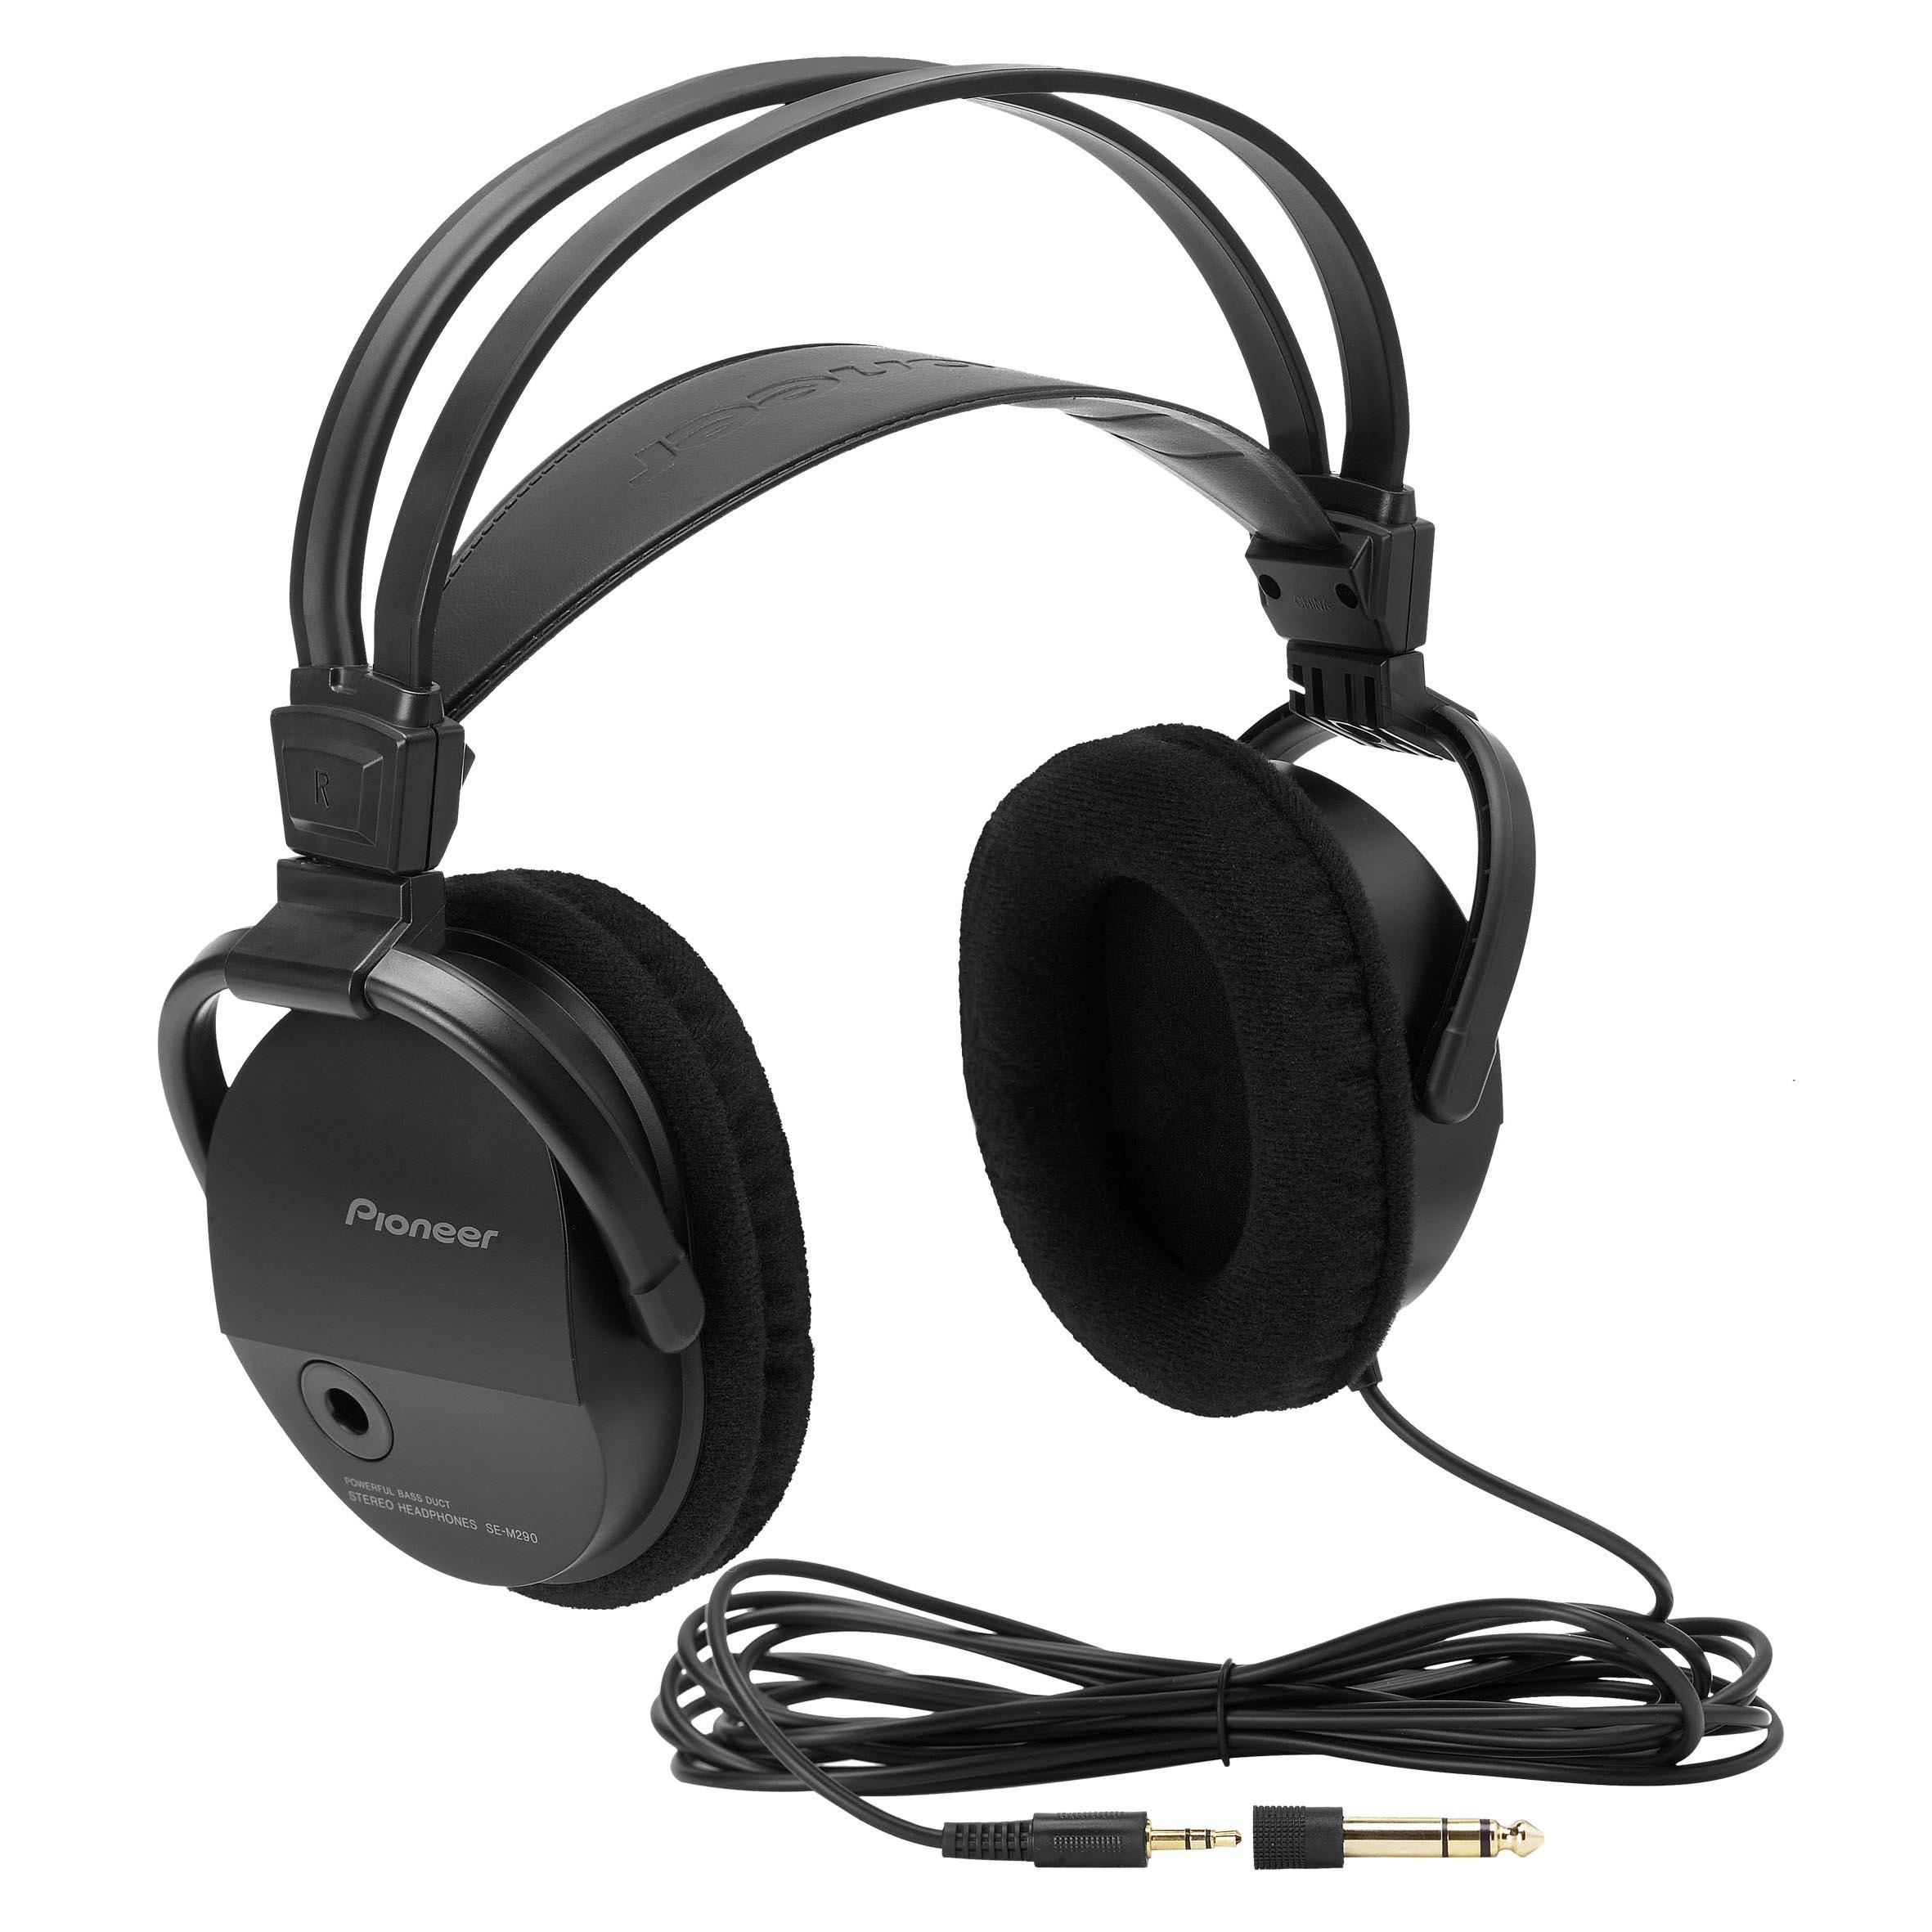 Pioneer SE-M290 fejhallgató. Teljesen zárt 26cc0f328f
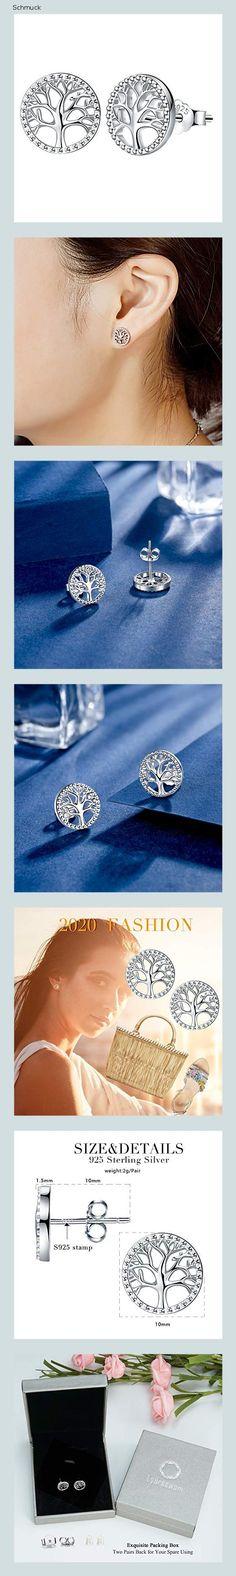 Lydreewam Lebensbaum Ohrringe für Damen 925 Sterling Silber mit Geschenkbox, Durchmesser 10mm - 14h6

=====

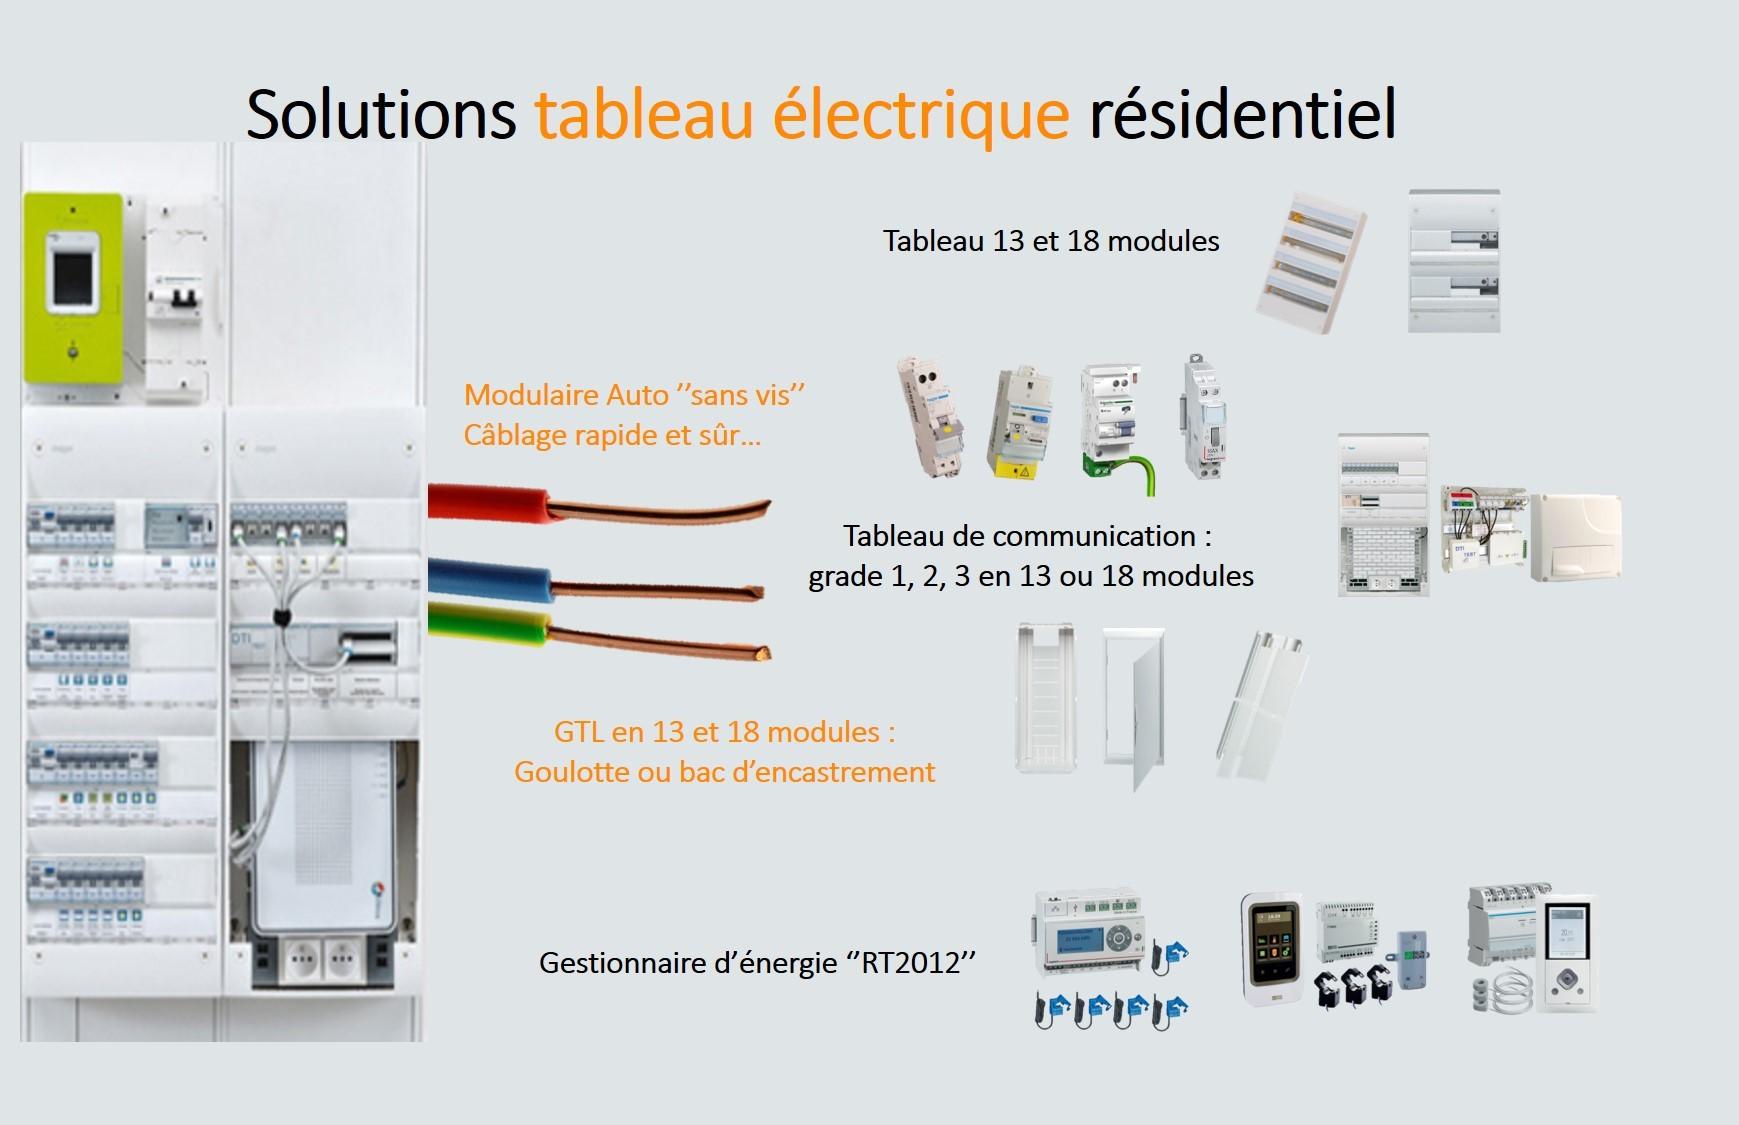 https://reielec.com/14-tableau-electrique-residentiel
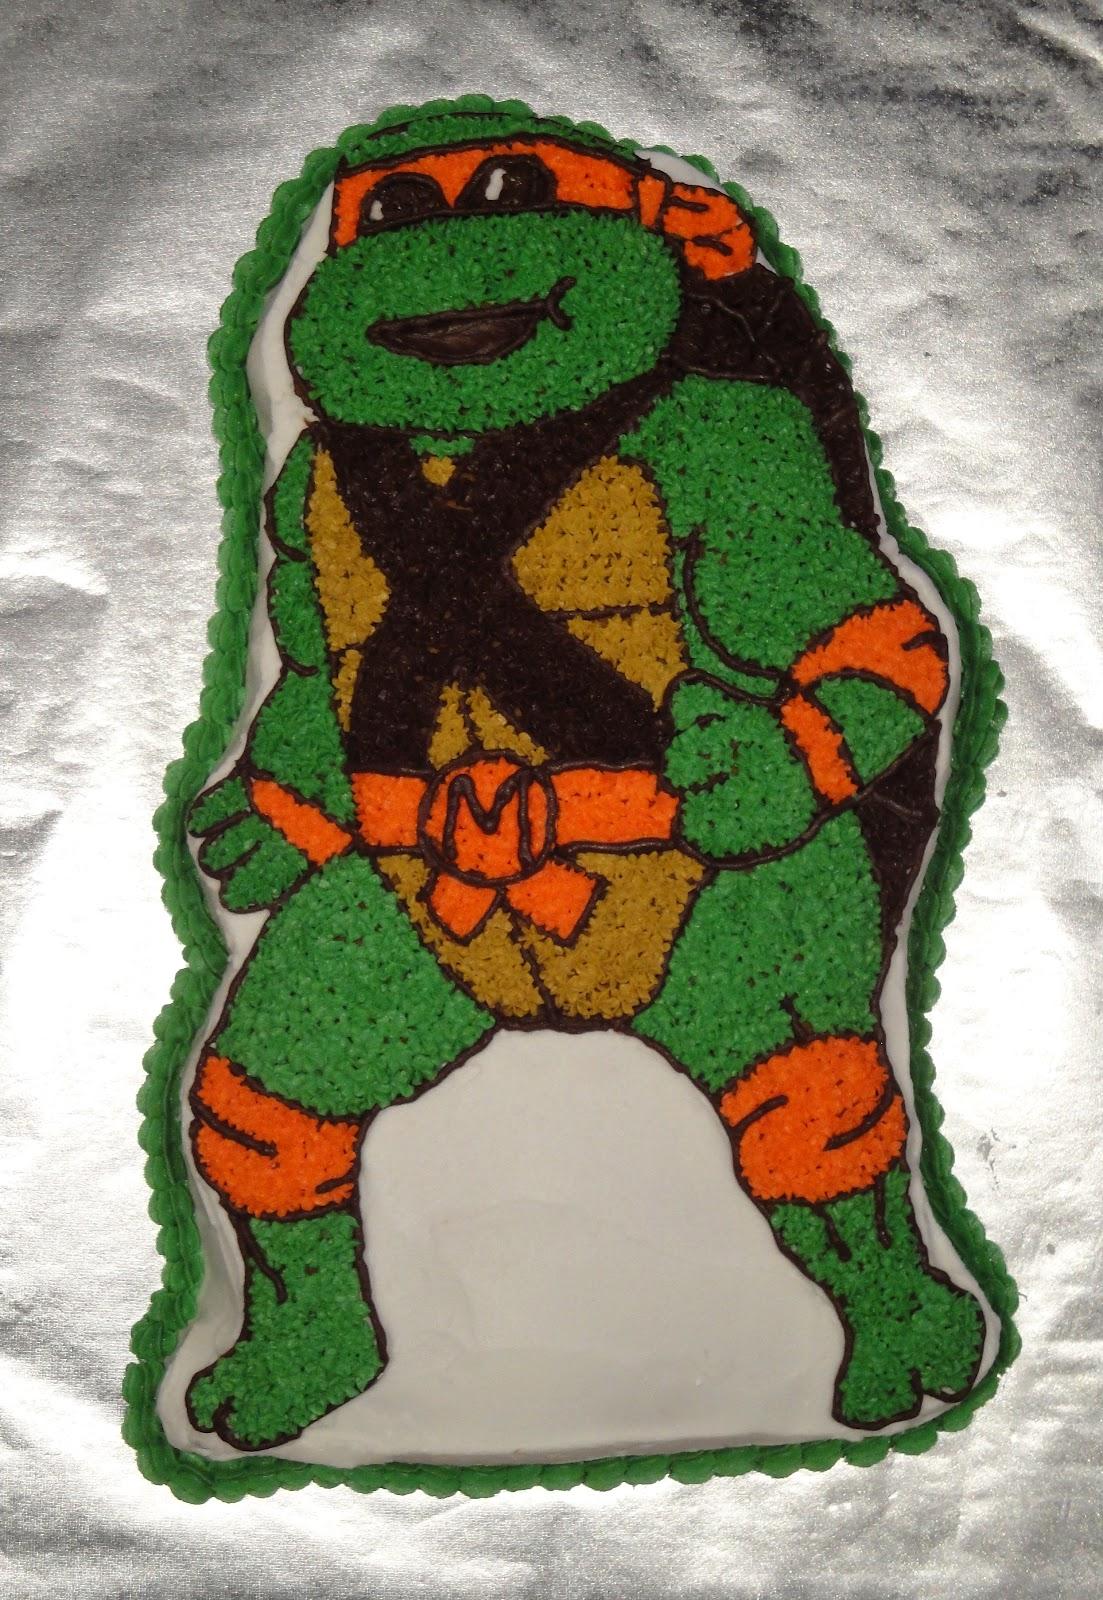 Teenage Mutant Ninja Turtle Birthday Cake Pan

=====

What the task asks:
For the material above, give again only the lines starting at the line that contains "https://reielec.com/14-tableau-electrique-residentiel" and ending at the line that contains "Teenage Mutant Ninja". Pictures do not belong in the copy.

Response to the task:
 https://reielec.com/14-tableau-electrique-residentiel
 Teenage Mutant Ninja Turtle Birthday Cake Pan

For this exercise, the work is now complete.